La prison de Dartmoor est le principal caractère de Princetown. Construite à partir d’un terrain sécurisé par Thomas Tyrwhitt pour établir un dépôt destiné aux prisonniers des guerres napoléoniennes, elle est effectivement isolée.

Les premiers détenus sont arrivés en 1809, et la prison est vite devenue surpeuplée. Avec l’arrivée de prisonniers américains, les conditions se sont détériorées. À sa réouverture en 1850, elle est devenue un pénitencier pour “criminels communs”, y compris des personnages de l’histoire.

HMP Dartmoor.

Tyrwhitt a également construit une voie ferrée pour transporter la pierre et les produits agricoles. Les prisonniers et passagers utilisaient cette ligne jusqu’à sa fermeture en 1956. La prison, récemment fermée temporairement, a pourtant un destin chargé, où le passé tragique se mêle à un quotidien contemporain.

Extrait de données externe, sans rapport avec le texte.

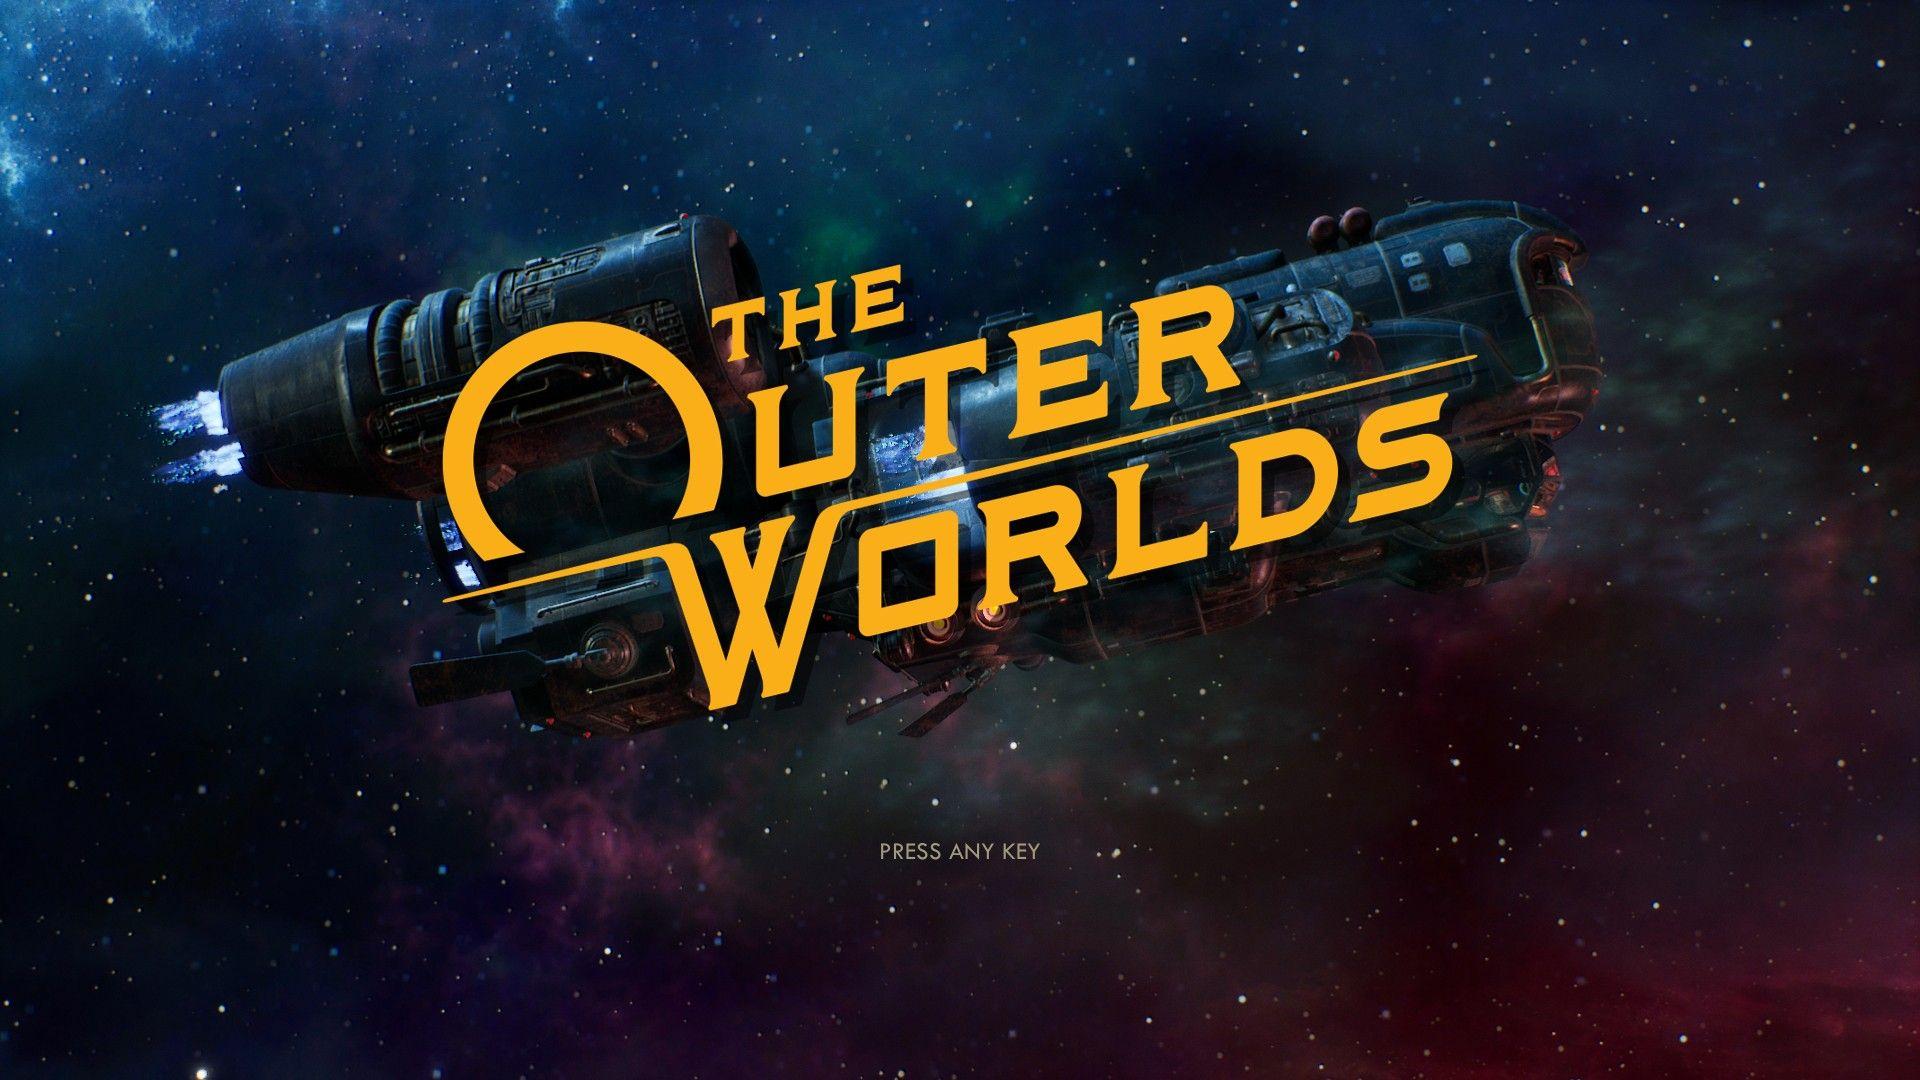 for iphone download The Outer Worlds free
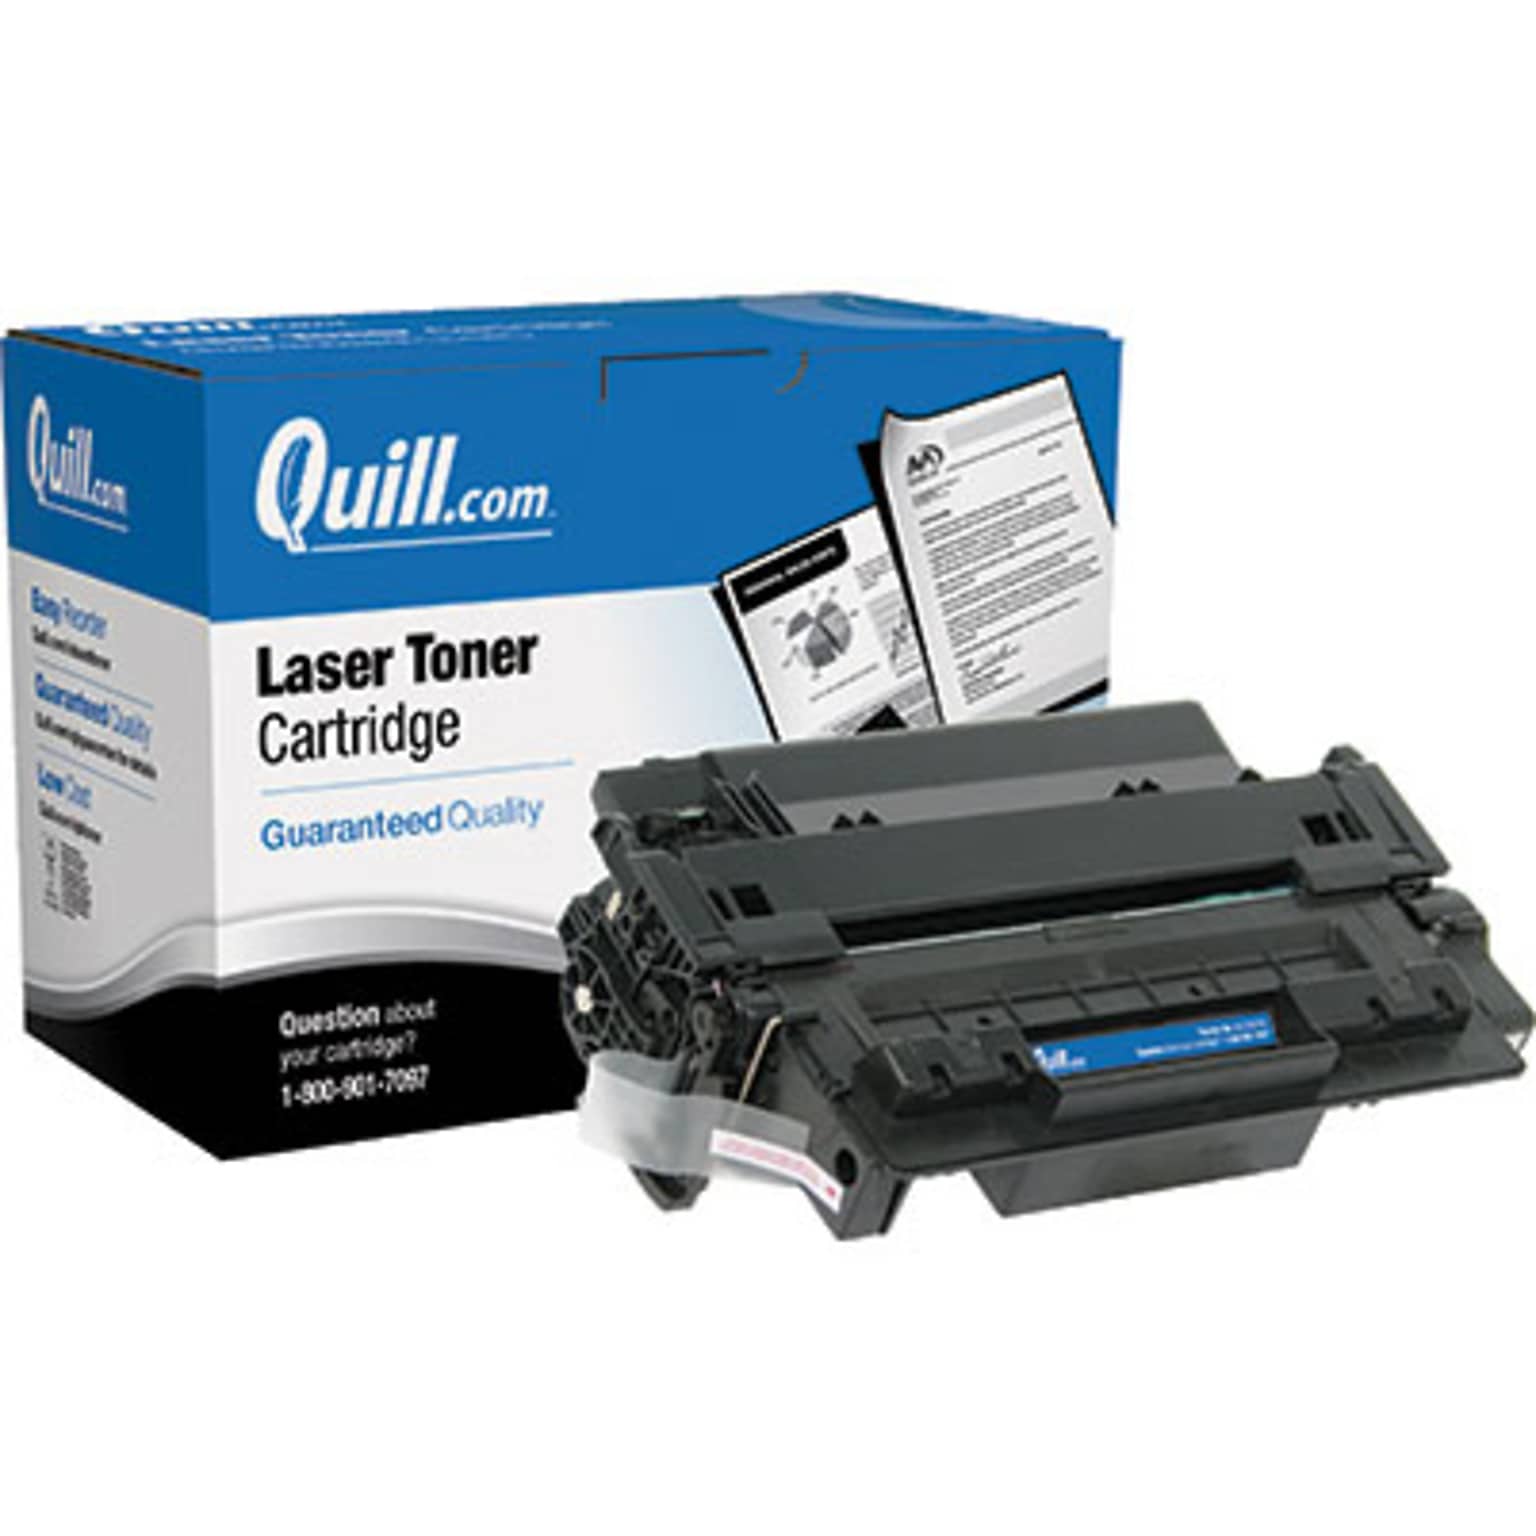 Quill Brand Remanufactured HP 55A (CE255A) Black Laser Toner Cartridge (100% Satisfaction Guaranteed)

À voir : les pistes de VTT de Princetown au réservoir de Burrator ; le musée de la prison de Dartmoor ; Foggintor Quarry.

Points importants à retenir

  • Exploration des racines historiques de Harrow à travers ses vestiges.
  • Clitheroe offre un mélange d’ancien et de moderne, propice à la découverte.
  • Princetown, malgré son atmosphère austère, possède une histoire fascinante liée à la pénitentiaire.
  • Chaque ville possède son identité unique et mérite d’être visitée avec un regard attentif.
  • La mixité des influences historiques et contemporaines enrichit encore leur charme.

En tant que voyageuse, la découverte de ces villes oubliées me rappelle l’importance de regarder au-delà des destinations touristiques traditionnelles. Chaque ruelle, chaque vestige chuchote des histoires prêtes à être révélées, et il est essentiel d’écouter. Ces villes, tout en étant peu fréquentées, cultivent une richesse culturelle qui mérite notre attention et notre curiosité. Je me sens habitée par l’élan de partage ces découvertes, invitant chacun à explorer et à s’imprégner de leurs atmosphères uniques dans un monde si vite oublié.